Archive for the ‘The Daily Grind’ Category
Follow my delicious bookmarks!
I’ve been using del.icio.us (now http://delicious.com) for over a year to manage my bookmarks for me. It is essential that I have an online repository for my bookmarks because I often jump to multiple machines and I like to have my bookmarks handy.
I use the official delicious add-on in Firefox to quickly access my delicious bookmarks and to add new bookmarks without even visiting the delicious web site. I usually only visit the web site when I want to manage (remove/edit) my bookmarks.
delicious advertises social bookmarking, which I never really paid much attention to. Just having an online repository for my bookmarks was good enough. But earlier today I was visiting a friends blog and noticed that they also used delicious due to a link on his web site. After clicking on the link I was taken to the delicious page that showed all of his bookmarks. As I looked through the list I noticed that there were a lot of things there that looked interesting to me. I thought, this is sorta like micro-blogging, except with a URL to this person’s favorite sites. It show’s the things he’s interested in and gives me more insight into the project he’s working on.
It then hit me that delicious offers an RSS feed for the links. Just like subscribing to a blog, I subscribed to his links in Google Reader. Now I will automatically get updated with any site he bookmarks. Beautiful!
If you use delicious, let me know cause I want to follow your links too! If you want to follow my links, you can click the link on the sidebar of my blog or just jump to this link here: http://delicious.com/mikefarmer
Starting a new job
I’ve now been working at BYU-Idaho for just over a month. This is a fabulous job and exactly what our family needed after the untimely, but not unexpected, termination of my employment from Sento. I believe that through divine intervention, this job was an answer to prayer and it has worked out on many many levels for us. For that, I am grateful.

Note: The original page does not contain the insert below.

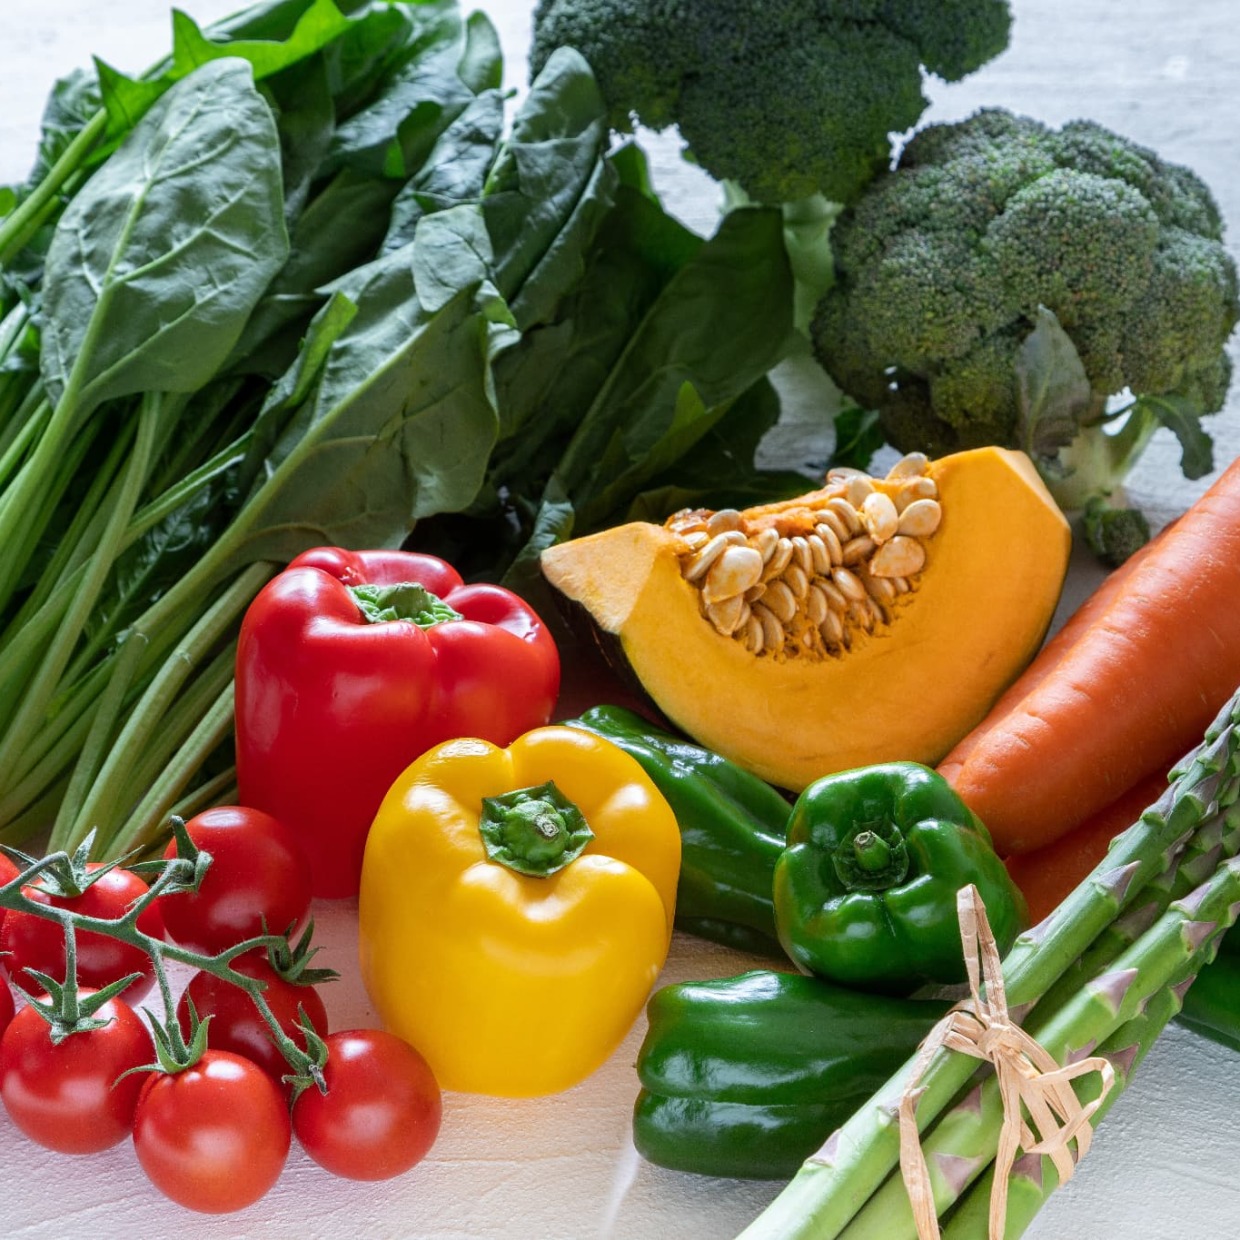 「糖尿病」の予防や改善に役立つ野菜。食べるときにやりがちな“NG行為”とは？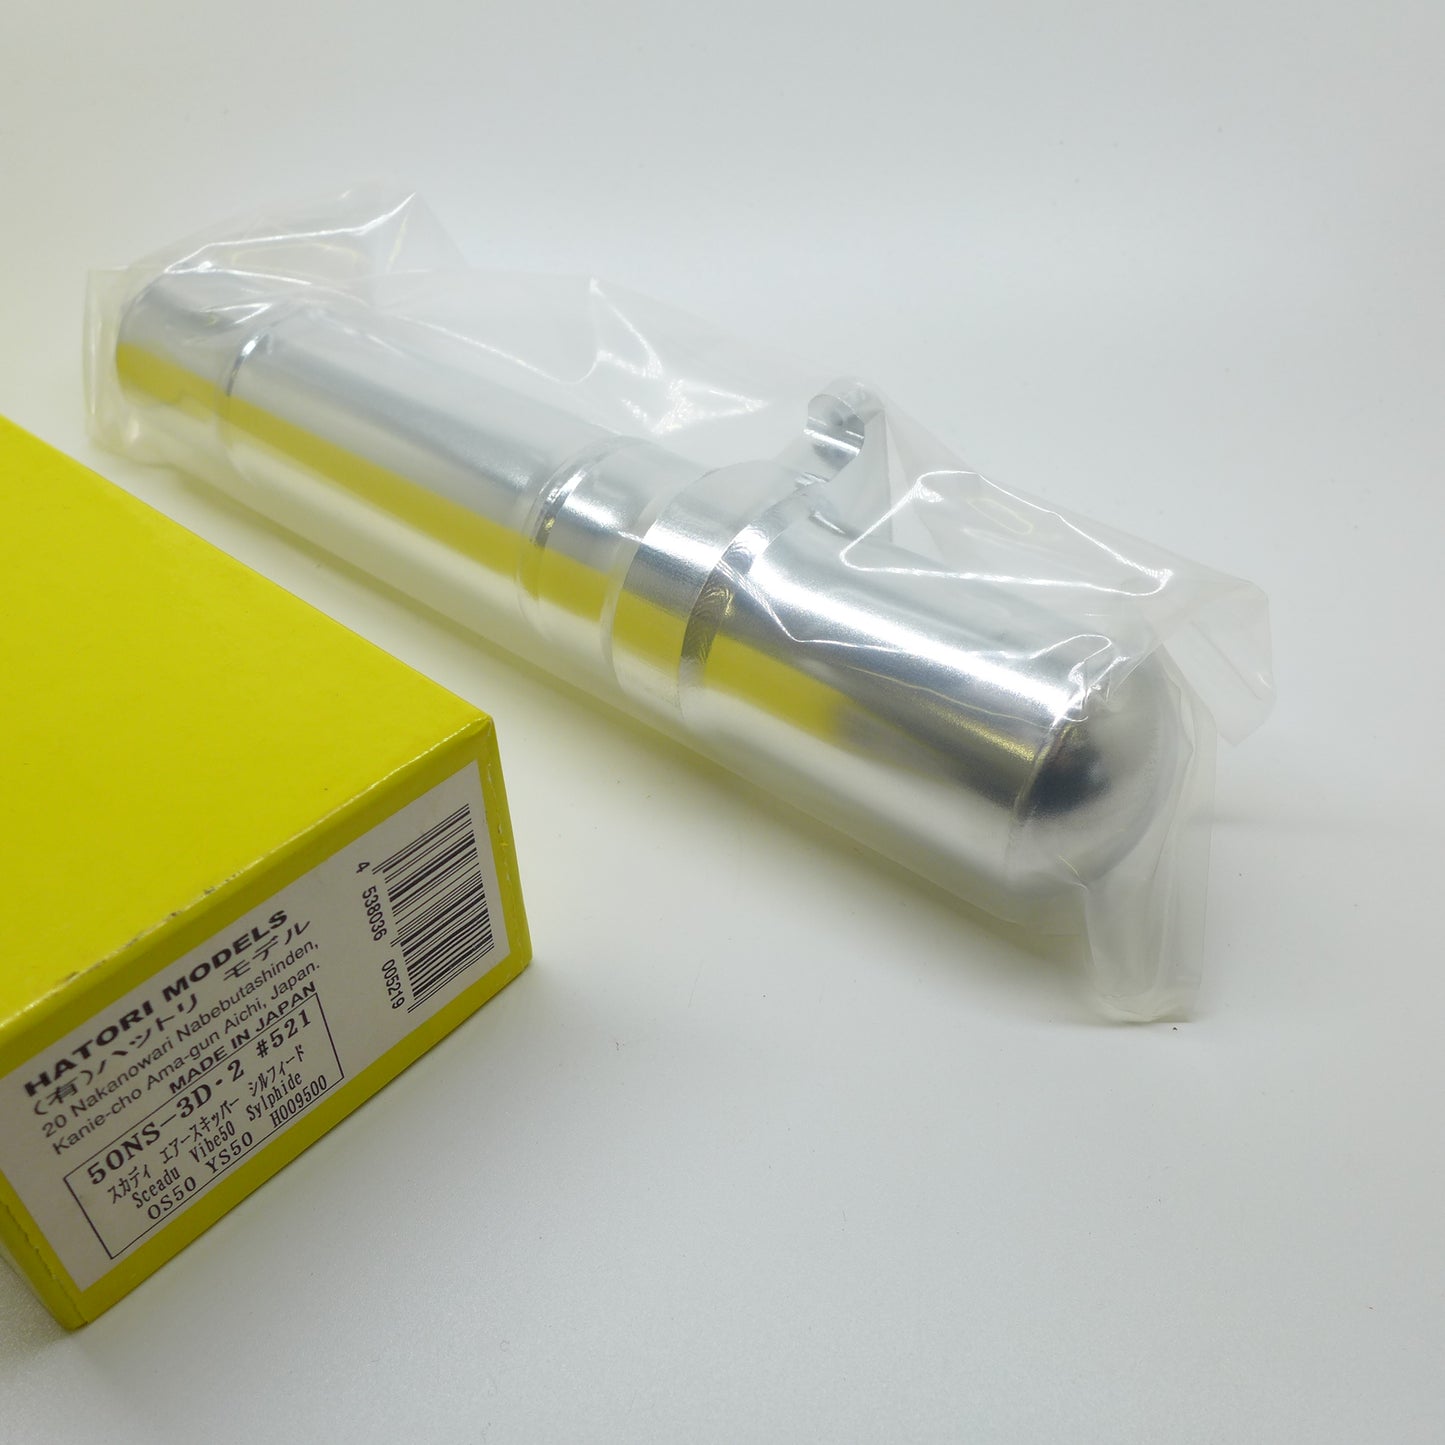 Hatori Schalldämpfer / Resorohr #521 50NS-3D 2 OS50 YS50 (Made in Japan)

It hasn’t all been sugar and spice however. I worked at Sento for 8 years and it was really my only real work experience. I learned a lot there, but one major disadvantage is that I only saw one view of the world – a world constantly struggling to stay alive. In that environment, anyone that has the wherewithal and the guts to step up and get things done gets recognized and appreciated. I was really used to that. When stuff needed to get done, you did all you could to do it. Although business politics existed, they were easily surmountable if you were reasonable and presented a good case.
As with any company or organization of the size and scale of BYUI, you just aren’t going to have the freedom to grow, develop, and just plain get things done. The barriers are tall and their roots are deep. Worse yet, the barriers are not always apparent, documented, or well known unless you have been in the company for many many years. Often, I find myself like the proverbial cow bouncing along an electric fence inadvertently getting shocked when all I was trying to do was get some tastier grass.
Learning the culture and unspoken/unwritten boundries of any new job is difficult. Lately, I’ve been trying to bump less into the fence and just be content with the pasture I’m in. I’ve found that I’m less frustrated and generally more happy. So the lesson to be learned here is to work within that you can control, get over the occasional hand slapping, and keep your head down on the work you’ve been given. Trying to be a hero constantly is not always the best approach. The key is to keep your eyes open for opportunities to get that tastier grass, and when they come, take them.